==== Supplied material ====

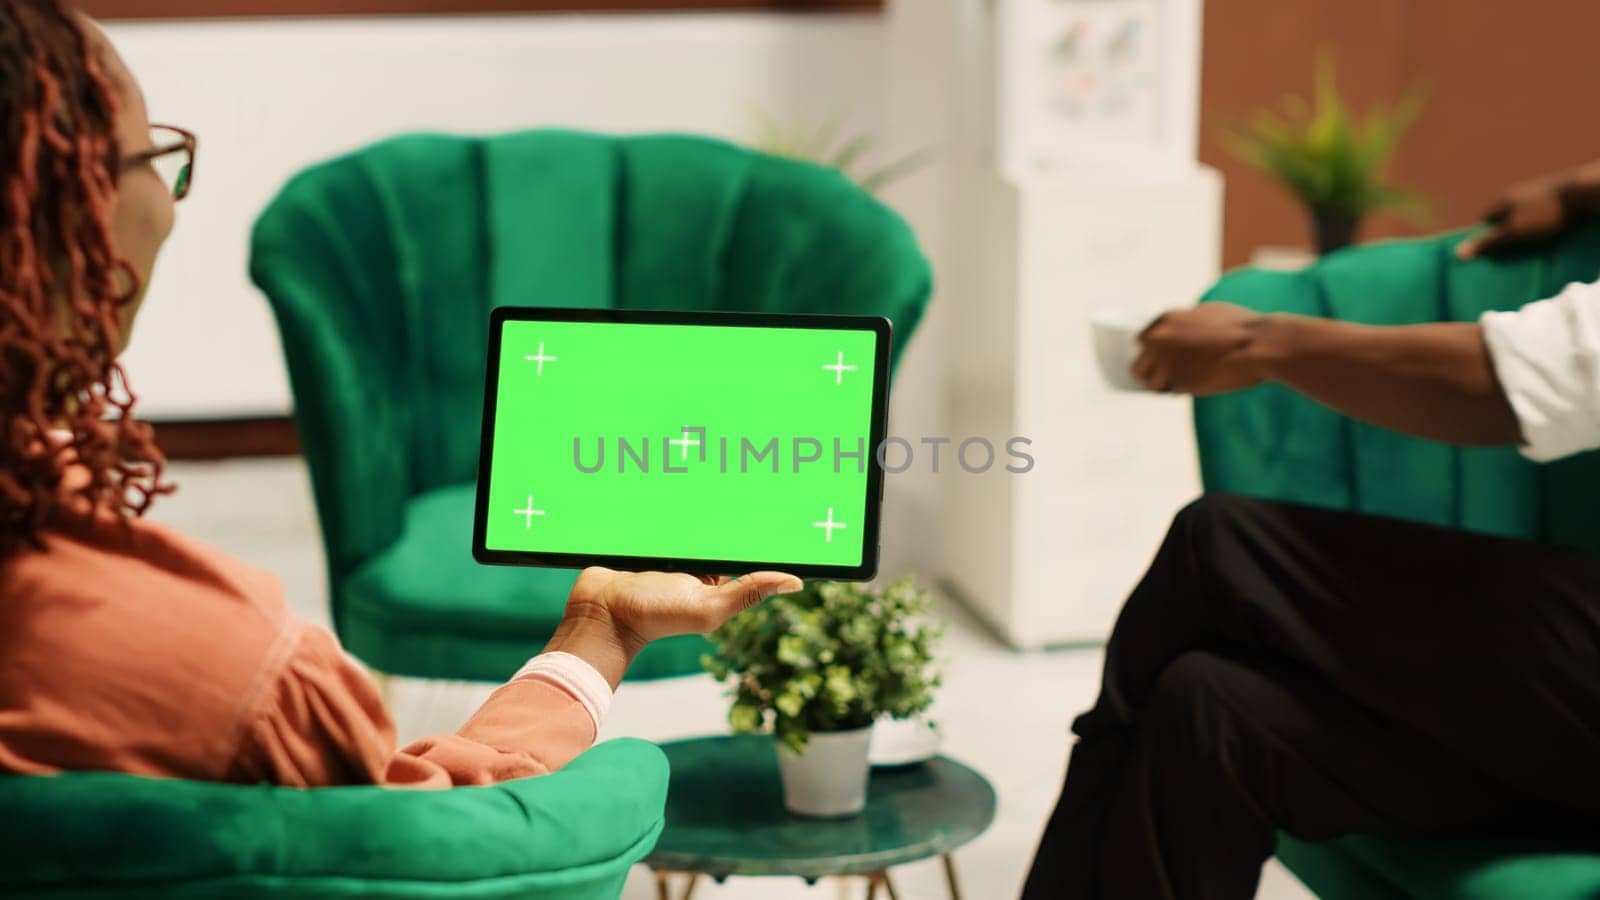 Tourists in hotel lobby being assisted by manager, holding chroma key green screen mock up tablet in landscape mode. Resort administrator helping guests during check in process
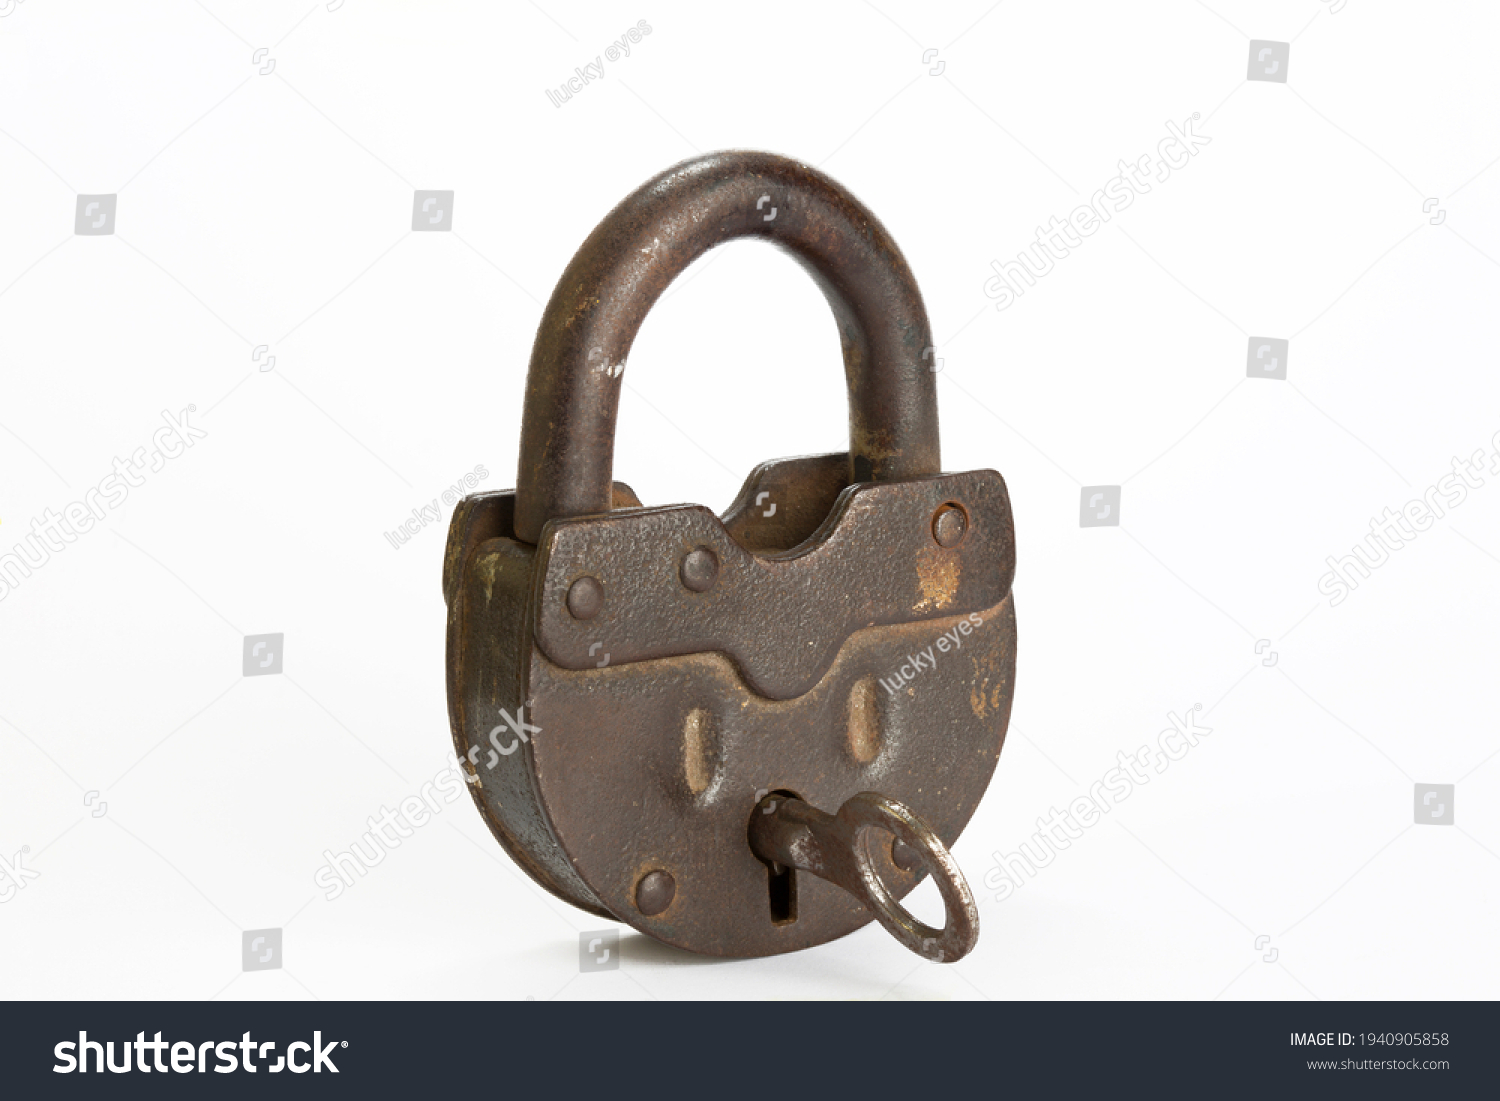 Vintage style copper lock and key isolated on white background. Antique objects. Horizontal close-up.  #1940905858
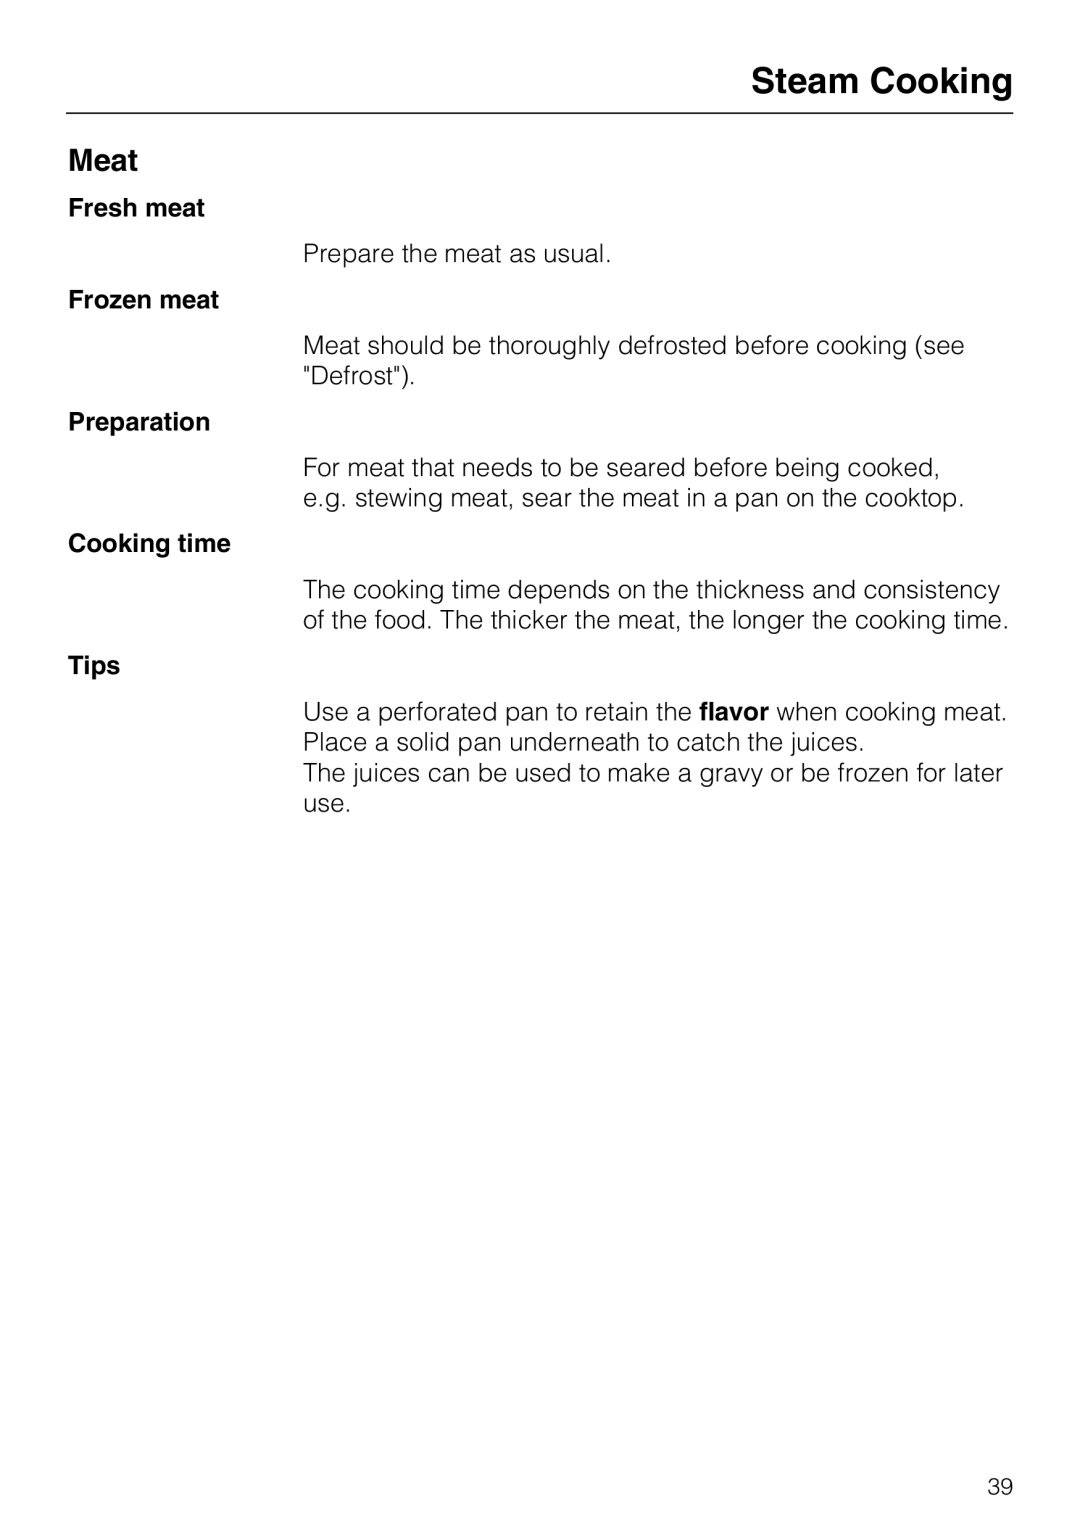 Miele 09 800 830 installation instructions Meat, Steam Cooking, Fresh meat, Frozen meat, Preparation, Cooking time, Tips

====

**What to produce:**
The data must be reproduced exactly, and no picture may appear in the copy.

**Task output:**
 Tourists in hotel lobby being assisted by manager, holding chroma key green screen mock up tablet in landscape mode. Resort administrator helping guests during check in process
 Vintage style copper lock and key isolated on white background. Antique objects. Horizontal close-up.  #1940905858
 Miele 09 800 830 installation instructions Meat, Steam Cooking, Fresh meat, Frozen meat, Preparation, Cooking time, Tips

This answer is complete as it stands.